- Official poster
- Directed by: Sam Pollard
- Produced by: Sam Pollard; Daphne McWilliams;
- Cinematography: Henry Adebonjo
- Edited by: Steve Wechsler
- Music by: Kathryn Bostic
- Production companies: HBO Documentary Films; Two Dollars and a Dream;
- Distributed by: HBO
- Release date: February 9, 2021 (United States);
- Running time: 85 minutes
- Country: United States
- Language: English

= Black Art: In the Absence of Light =

2021 American documentary film

Black Art: In the Absence of Light is a 2021 American documentary film, directed and produced by Sam Pollard. The film follows various Black American artists and their contributions to the art world.

The film was released on February 9, 2021, by HBO.

==Synopsis==
The film begins and then returns to focus on the landmark exhibition Two Centuries of Black American Art curated by David Driskell at the Los Angeles County Museum of Art (LACMA) in Los Angeles, California, and then goes on to follow various Black American artists and their contributions to the art world and before and since the watershed survey.

Radcliffe Bailey, Sanford Biggers, Jordan Casteel, David Driskell, Theaster Gates, Lyle Ashton Harris, Glenn Ligon, Kerry James Marshall, Richard Mayhew, Faith Ringgold, Betye Saar, Amy Sherald, Hank Willis Thomas, Kara Walker, Carrie Mae Weems, and Kehinde Wiley appear in the documentary.

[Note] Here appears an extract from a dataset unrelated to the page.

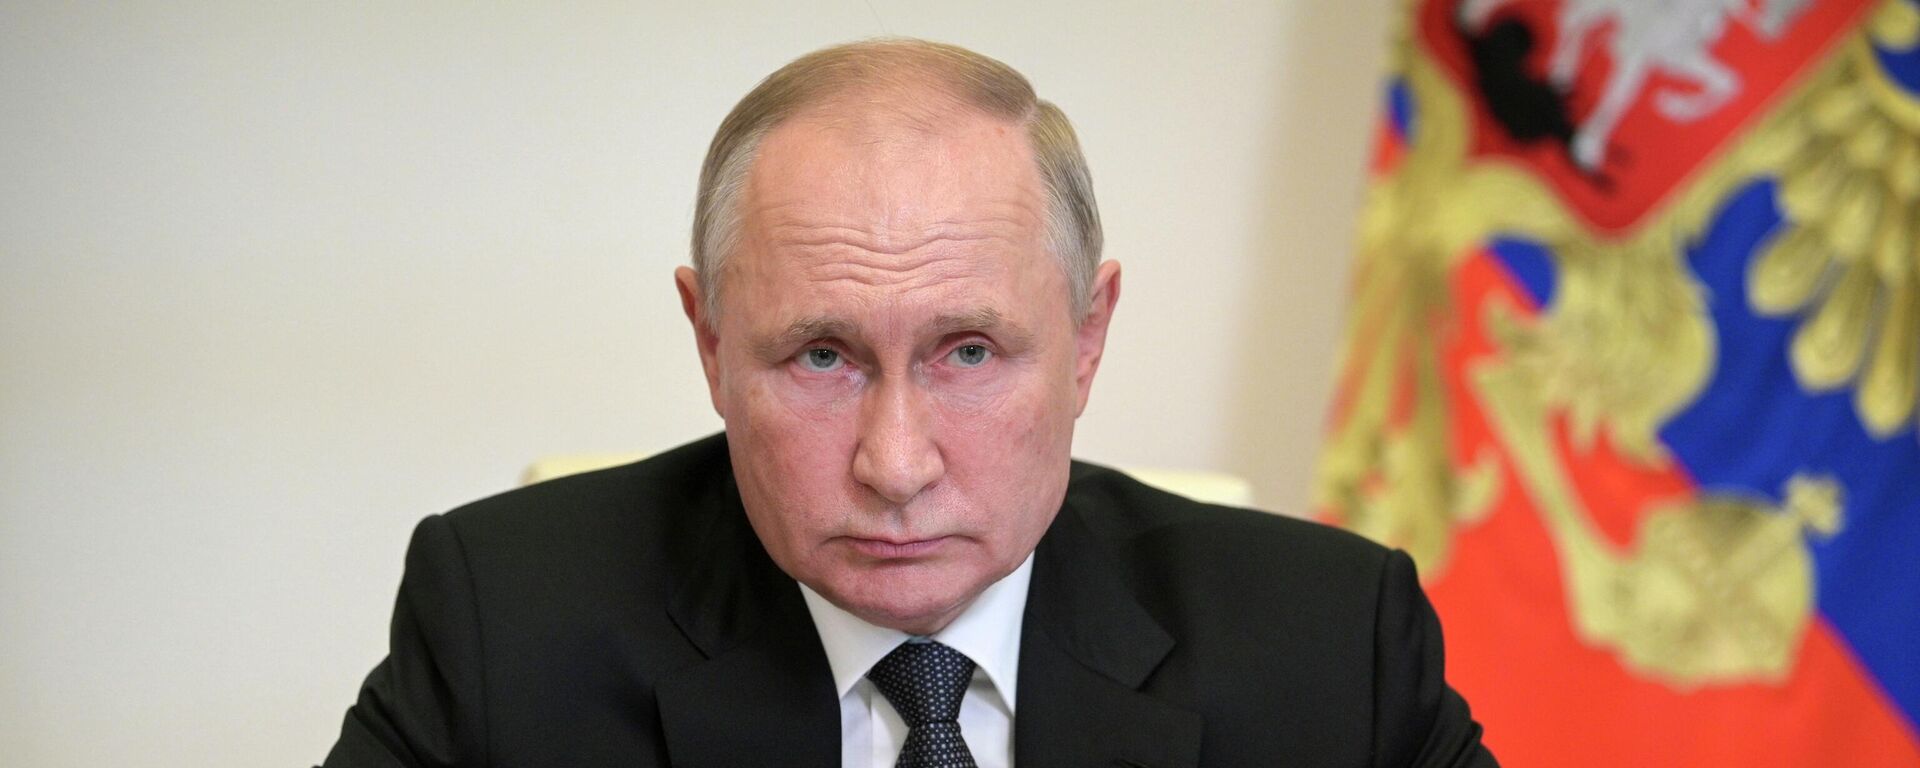 El presidente de Rusia Vladímir Putin - Sputnik Mundo, 1920, 24.11.2021

Driskell died before the production's release and a posthumous dedication is made to him at the end of the film.

==Release==
The film was released on February 9, 2021, by HBO.

==Reception==

===Critical reception===
Black Art: In the Absence of Light received positive reviews from film critics. The review aggregator website Rotten Tomatoes surveyed 12 critics and, categorizing the reviews as positive or negative, assessed 11 as positive and one as negative for a 92% rating. Among the reviews, it determined an average rating of 6.80 out of 10. On Metacritic, the film holds a rating of 73 out of 100, based on four critics, indicating "generally favorable" reviews.